Of course the most persistent of footballers is Robin Van Persievere
Of course before he got more in touch with his feminine side of his personality he was called Robin Van Wallety
My parents had great expectations for me but I’ve recently fallen on hard times. What the dickens is that all about?
About ten years ago I saw the author of Charlie and the chocolate factory outside a pub smoking a fag
No, I think it was a benson and hedges.
“I can sea baked beans, thousands of baked beans”
That’s easy to say with Heinz-sight.
Will someone tell Alice cooper that he finished school years ago.
The was a young man from Essex
Who could never rhyme
Or grasp the structure of a limerick.
My next door neighbour is a grumpy fucker. You should have seen the grumpy look on his face when he saw the portrait I made of myself on his windscreen of his car, drawn in my own shit.
Hahaha. I fooled everyone. My life up to now has been a kitchen sink contemporary dance.
Is this a rhetorical question?
Got ct a brand new iPad case for Xmas.

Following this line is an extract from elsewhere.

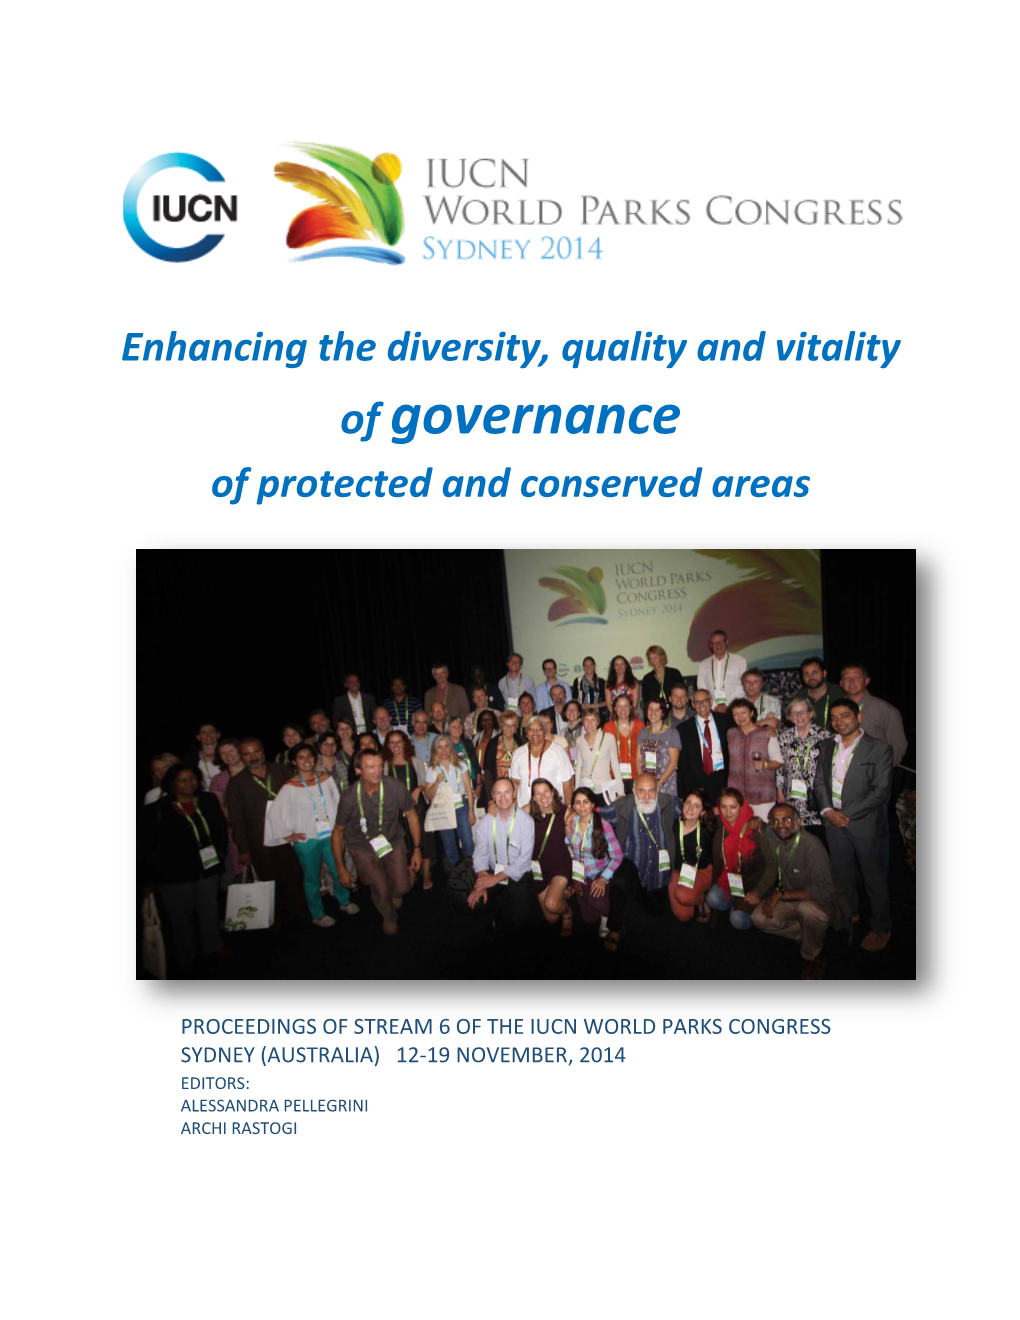 Enhancing the Diversity, Quality and Vitality of Governance of Protected and Conserved Areas

Perhaps next year he will get the iPad to go in it.
I need a shave. Or a biscuit. I need a biscuit.
What do you call a serial killer who lies down on a road and bicycles ride all over him?
What do you call a serial killer who lies down on a road and bicycles rode all over him who?
A bicycle path
You may not believe this, but we were just watching “tipping point” and three counters crossed the tipping point and came out of my TV onto my carpet. Stunned
Sugar tax. I’d drink to that.
There is a mushroom expert on BBC breakfast. He seems like a really amusement bloke.
If you phone the speaking clock on your Apple iPhone and hold it to your ear, you can hear the pips. Awwww
I am listening to Leanne Rimes singing a song called “How To Kiss A Boy”
Immediately after listening to it, I wished someone has written a song called “How To Kill Leanne Rimes”
I just found out that Anton Du Beke is an actual real person.